• Exercise:
With images removed, return the whole listing exactly as written.

╭─ Supplied material

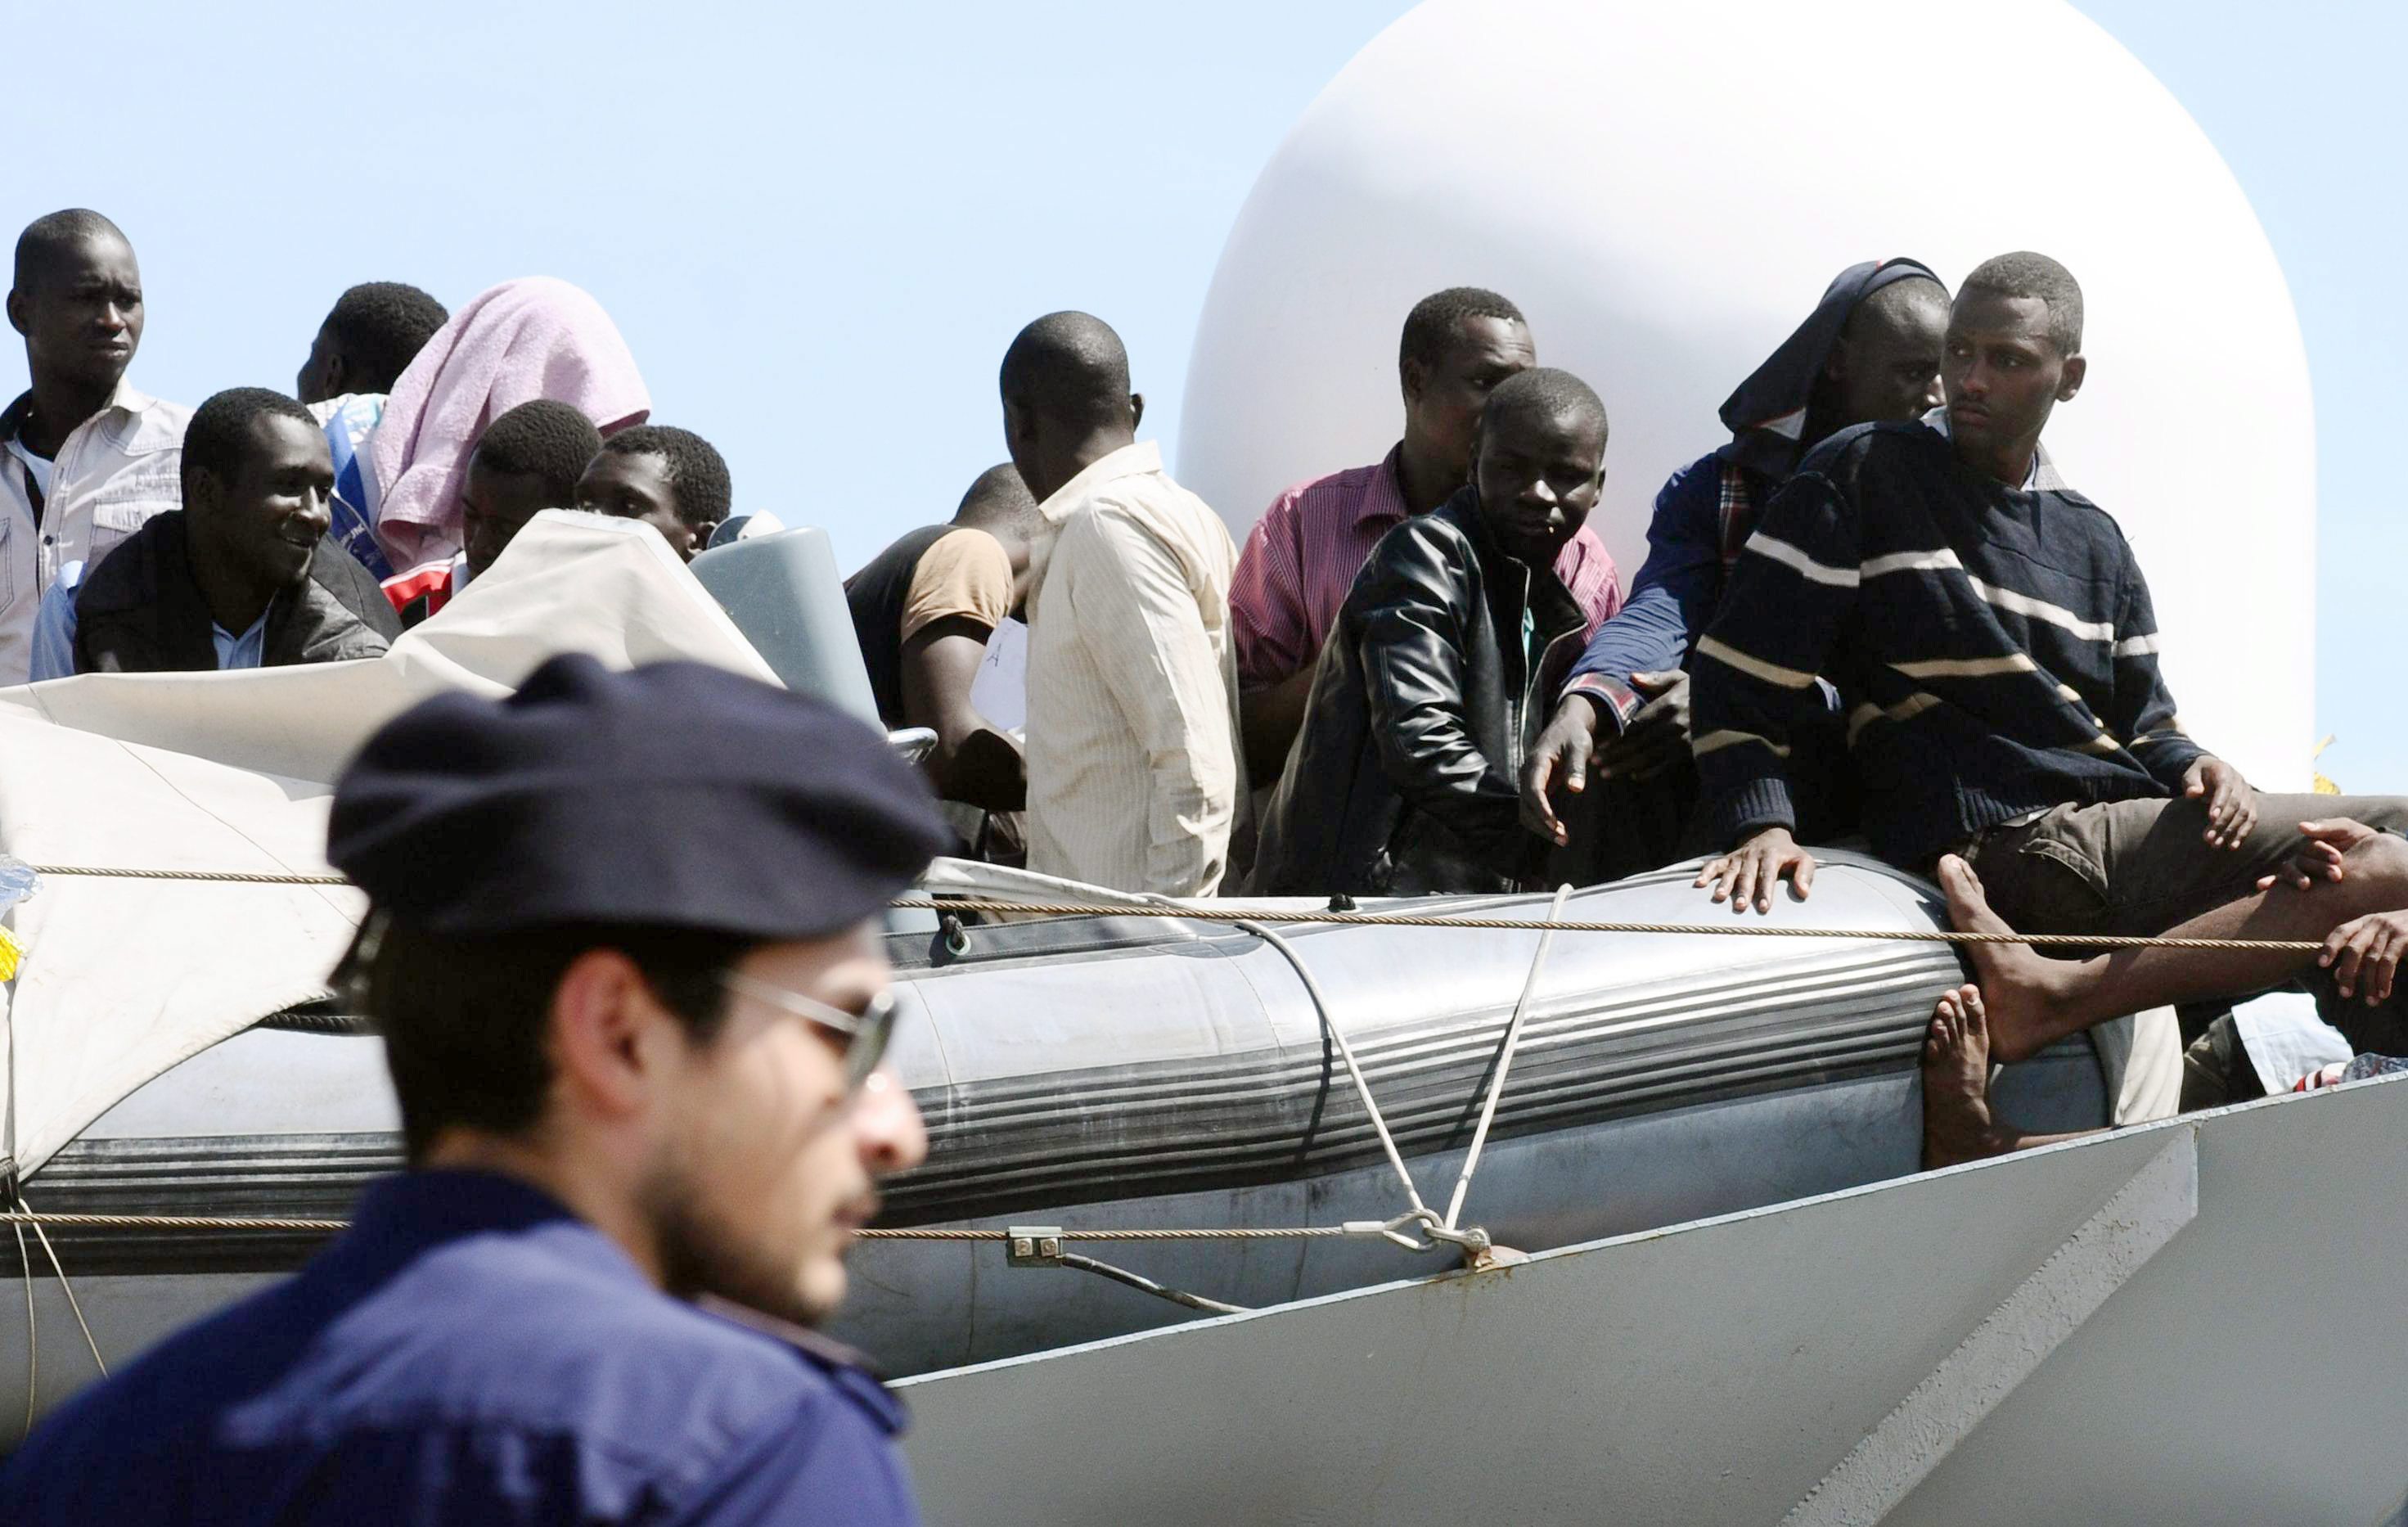 Σικελία: Δέκα νεκρούς μετανάστες περισυνέλεξαν ιταλικά σκάφη
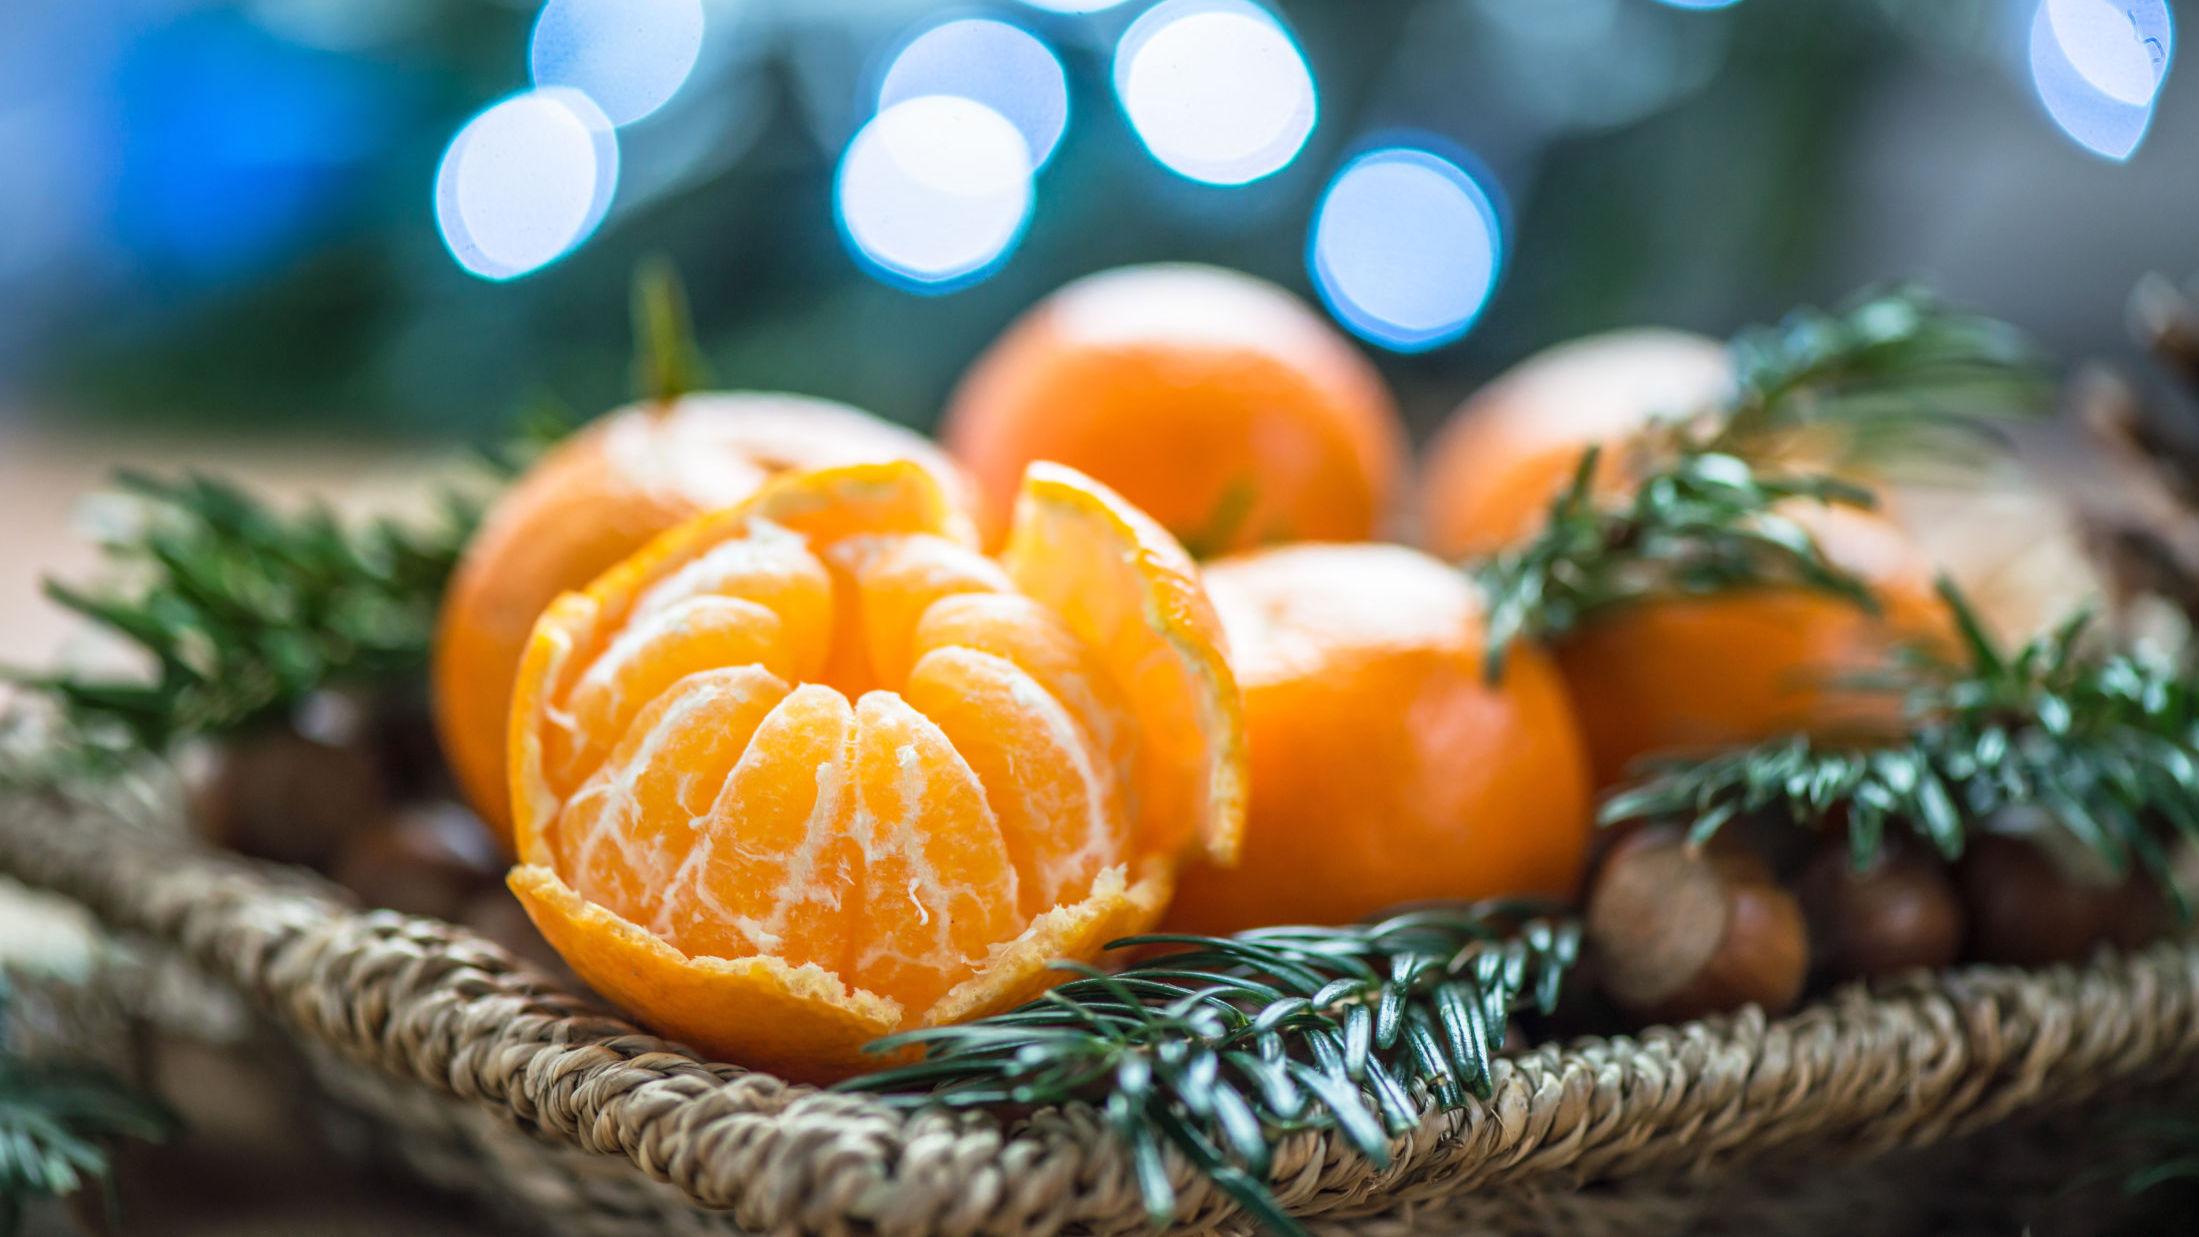 O, STORE FRUKT: Klementiner er å oppdrive året rundt, men det er i disse juletider nordmenn spiser mest av frukten. Foto: Anna Mente/NTB Scanpix.
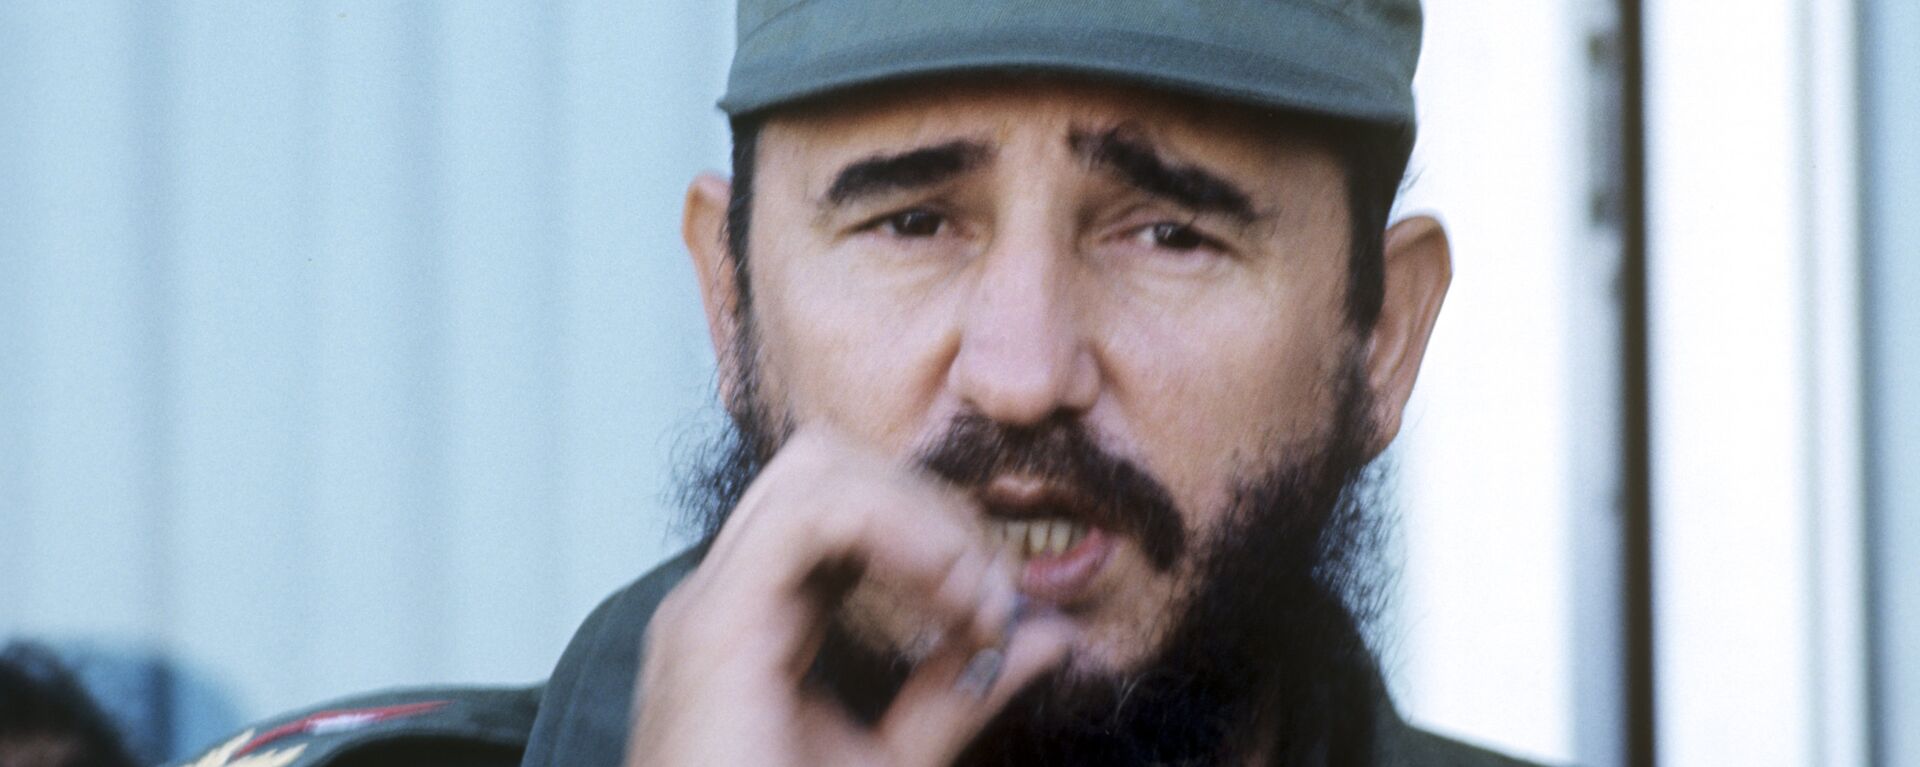 Fidel Castro, el líder de la Revolución cubana - Sputnik Mundo, 1920, 25.11.2021

╰─

• Response:
 Σικελία: Δέκα νεκρούς μετανάστες περισυνέλεξαν ιταλικά σκάφη
 O, STORE FRUKT: Klementiner er å oppdrive året rundt, men det er i disse juletider nordmenn spiser mest av frukten. Foto: Anna Mente/NTB Scanpix.
 Fidel Castro, el líder de la Revolución cubana - Sputnik Mundo, 1920, 25.11.2021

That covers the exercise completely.